Think of it if we regroup the term so that each pair of the group terms are all negatives:

[MATH]\color{black}\arctan\left({\dfrac{6}{5}}\right)=\color{yellow}\bbox[5px,purple]{\dfrac{\pi}{4}+\dfrac{1}{10}}\color{black}-\left(\dfrac{1}{100}-\dfrac{1}{1500}\right)-\left(\dfrac{1}{125000}-\dfrac{1}{750000}\right)-\cdots[/MATH]

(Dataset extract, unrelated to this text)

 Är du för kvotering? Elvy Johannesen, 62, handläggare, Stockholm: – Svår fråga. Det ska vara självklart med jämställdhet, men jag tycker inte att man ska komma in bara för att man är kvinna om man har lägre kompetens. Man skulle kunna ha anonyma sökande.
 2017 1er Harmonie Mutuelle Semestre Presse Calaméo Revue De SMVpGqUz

Yes! At this point, we can safely say that

[MATH]\color{yellow}\bbox[5px,purple]{\dfrac{\pi}{4}+\dfrac{1}{10}}\color{black}\gt \arctan\left({\dfrac{6}{5}}\right)[/MATH]

And note that

[MATH]\color{black}\dfrac{\pi}{4}+\dfrac{1}{6}\gt \color{yellow}\bbox[5px,purple]{\dfrac{\pi}{4}+\dfrac{1}{10}}[/MATH]

We can now put them together that yields:

[MATH]\color{black}\dfrac{\pi}{4}+\dfrac{1}{6}\gt \color{yellow}\bbox[5px,purple]{\dfrac{\pi}{4}+\dfrac{1}{10}}\color{black}\gt \arctan\left({\dfrac{6}{5}}\right)[/MATH]

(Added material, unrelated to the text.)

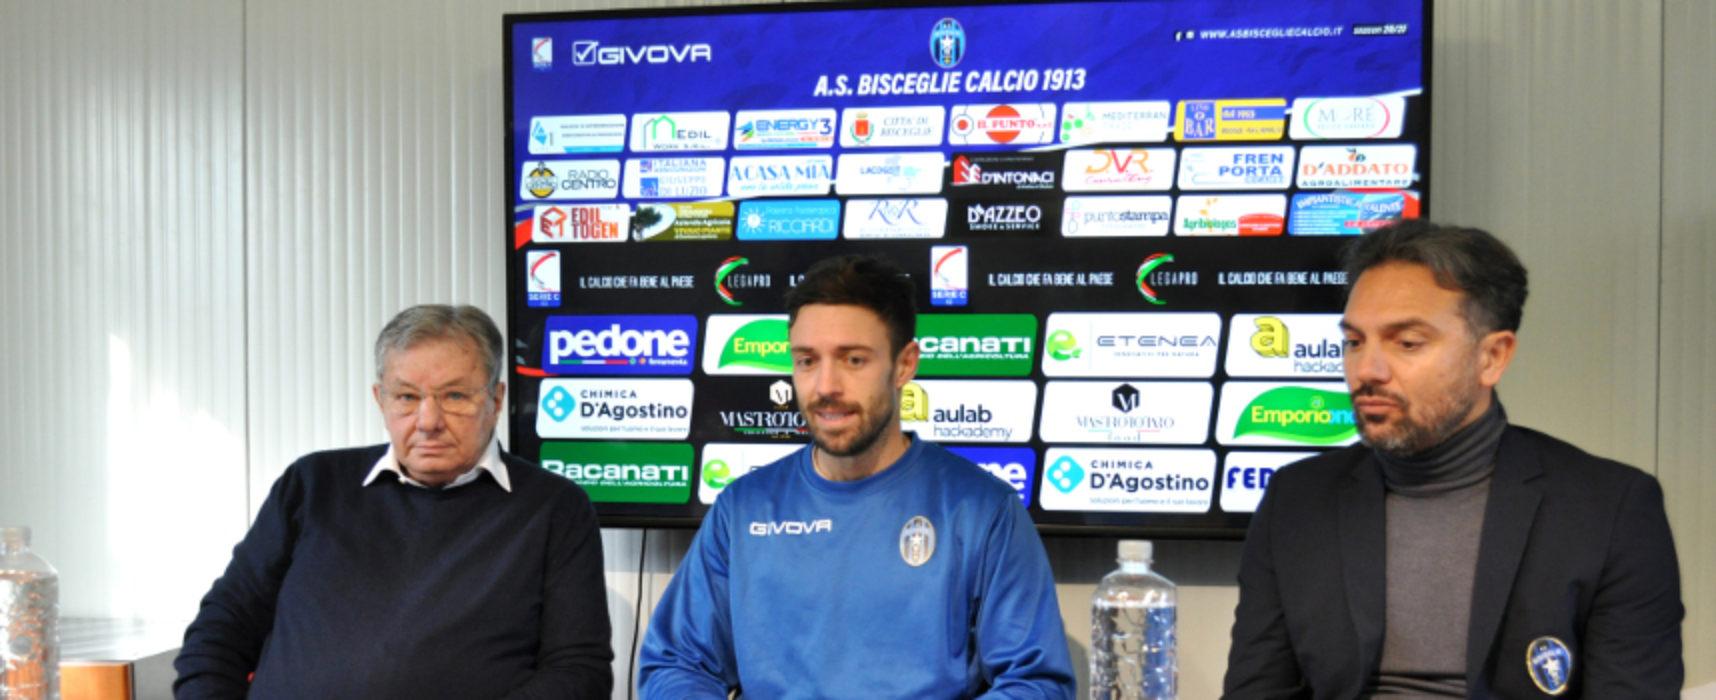 """Bisceglie Calcio, Romizi: """"Tappa di ripartenza dopo un periodo difficile"""""""
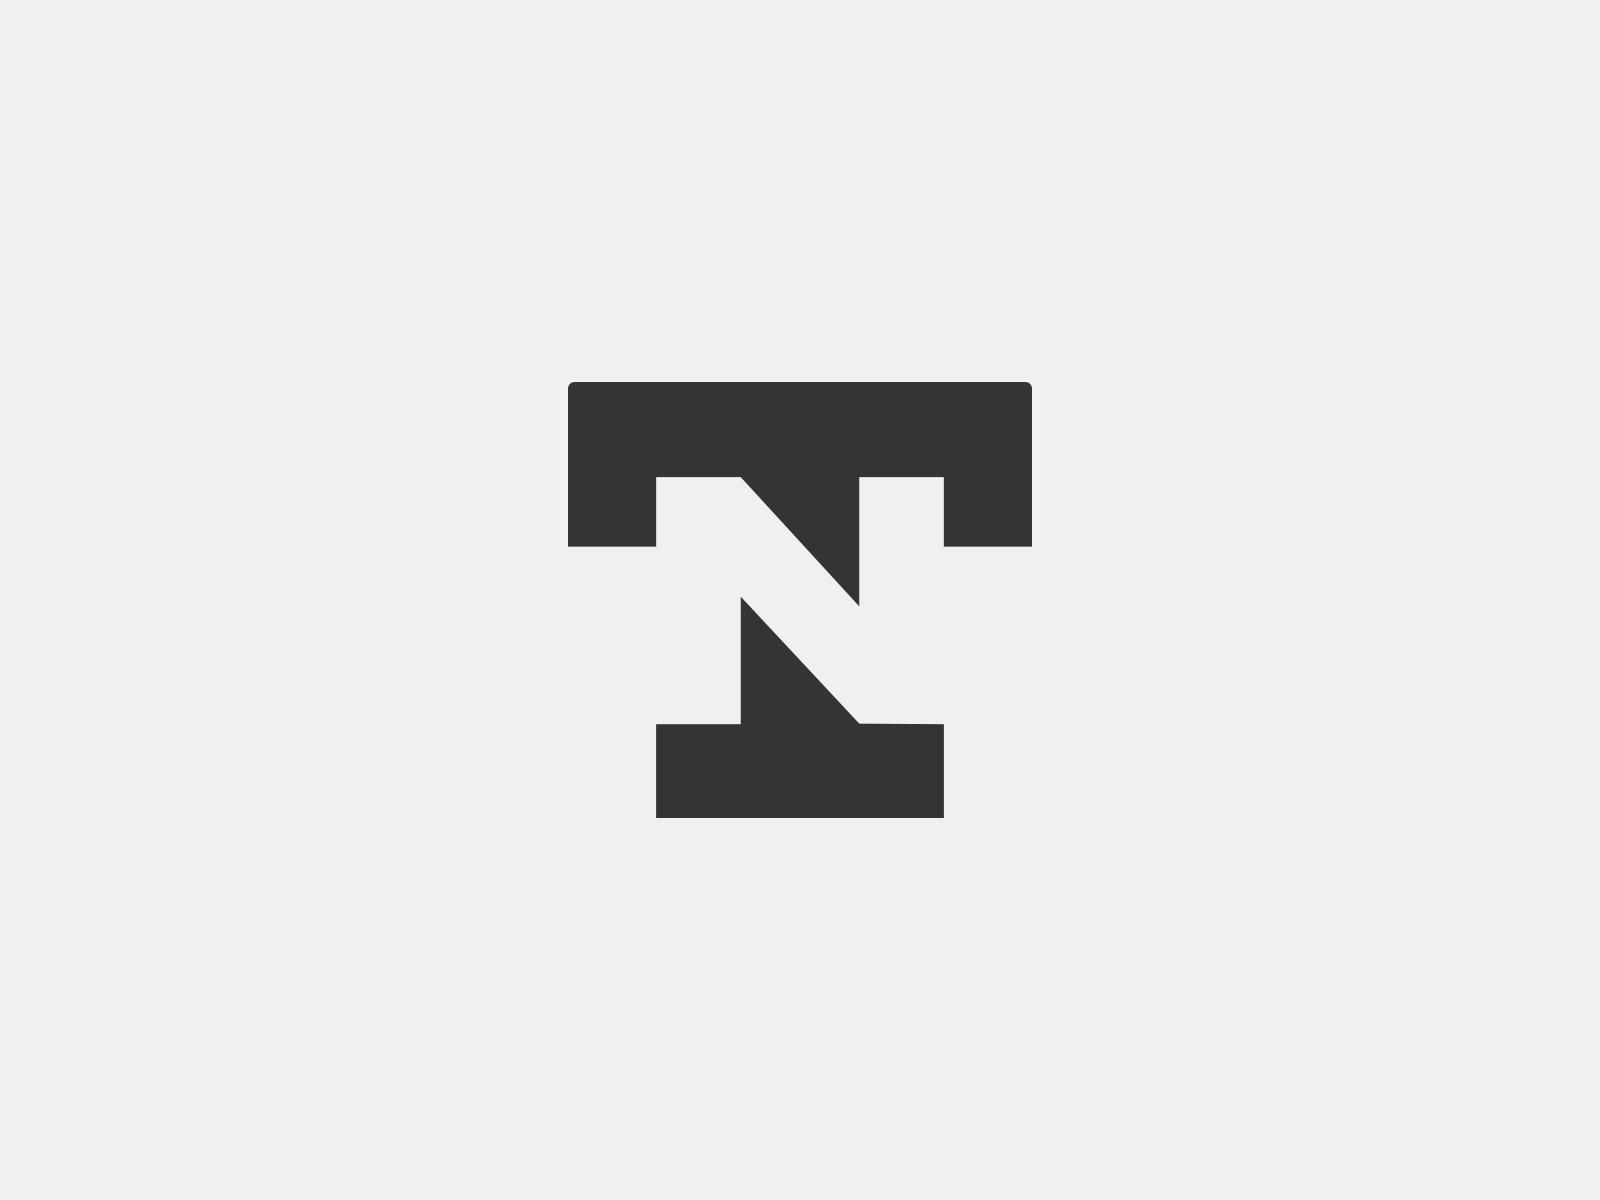 T+N negative space monogram icon branding agency logo mark tieatie branding

and therefore, evidently we have proved that:

$\dfrac{\pi}{4}+\dfrac{1}{6}\gt \arctan\left({\dfrac{6}{5}}\right)$.

This isn't the sole method that one could use to attack the problem, we could also approach it like follows:

I know I know, many students would add $\dfrac{1}{6}$ and at the same time subtract the fraction $\dfrac{1}{6}$ to the right side of the equality and wind up with

$\small \arctan\left({\dfrac{6}{5}}\right)=\dfrac{\pi}{4}+\dfrac{1}{6}-\dfrac{1}{6}+\dfrac{1}{10}-\dfrac{1}{100}+\dfrac{1}{1500}-\dfrac{1}{125000}+\dfrac{1}{750000}-\dfrac{1}{8750000}+\cdots$

$\small \arctan\left({\dfrac{6}{5}}\right)=\dfrac{\pi}{4}+\dfrac{1}{6}-\left(\dfrac{1}{6}-\dfrac{1}{10}\right)-\left(\dfrac{1}{100}-\dfrac{1}{1500}\right)-\left(\dfrac{1}{125000}-\dfrac{1}{750000}\right)-\cdots$

Note that each parenthesis pair that consists of the subtraction of a smaller value from a bigger value will definitely gives a positive value, that means:

$\small \arctan\left({\dfrac{6}{5}}\right)+\left(\dfrac{1}{6}-\dfrac{1}{10}\right)+\left(\dfrac{1}{100}-\dfrac{1}{1500}\right)+\left(\dfrac{1}{125000}-\dfrac{1}{750000}\right)+\cdots=\dfrac{\pi}{4}+\dfrac{1}{6}$

which yields:

$\dfrac{\pi}{4}+\dfrac{1}{6}\gt \arctan\left({\dfrac{6}{5}}\right)$ and we are hence done.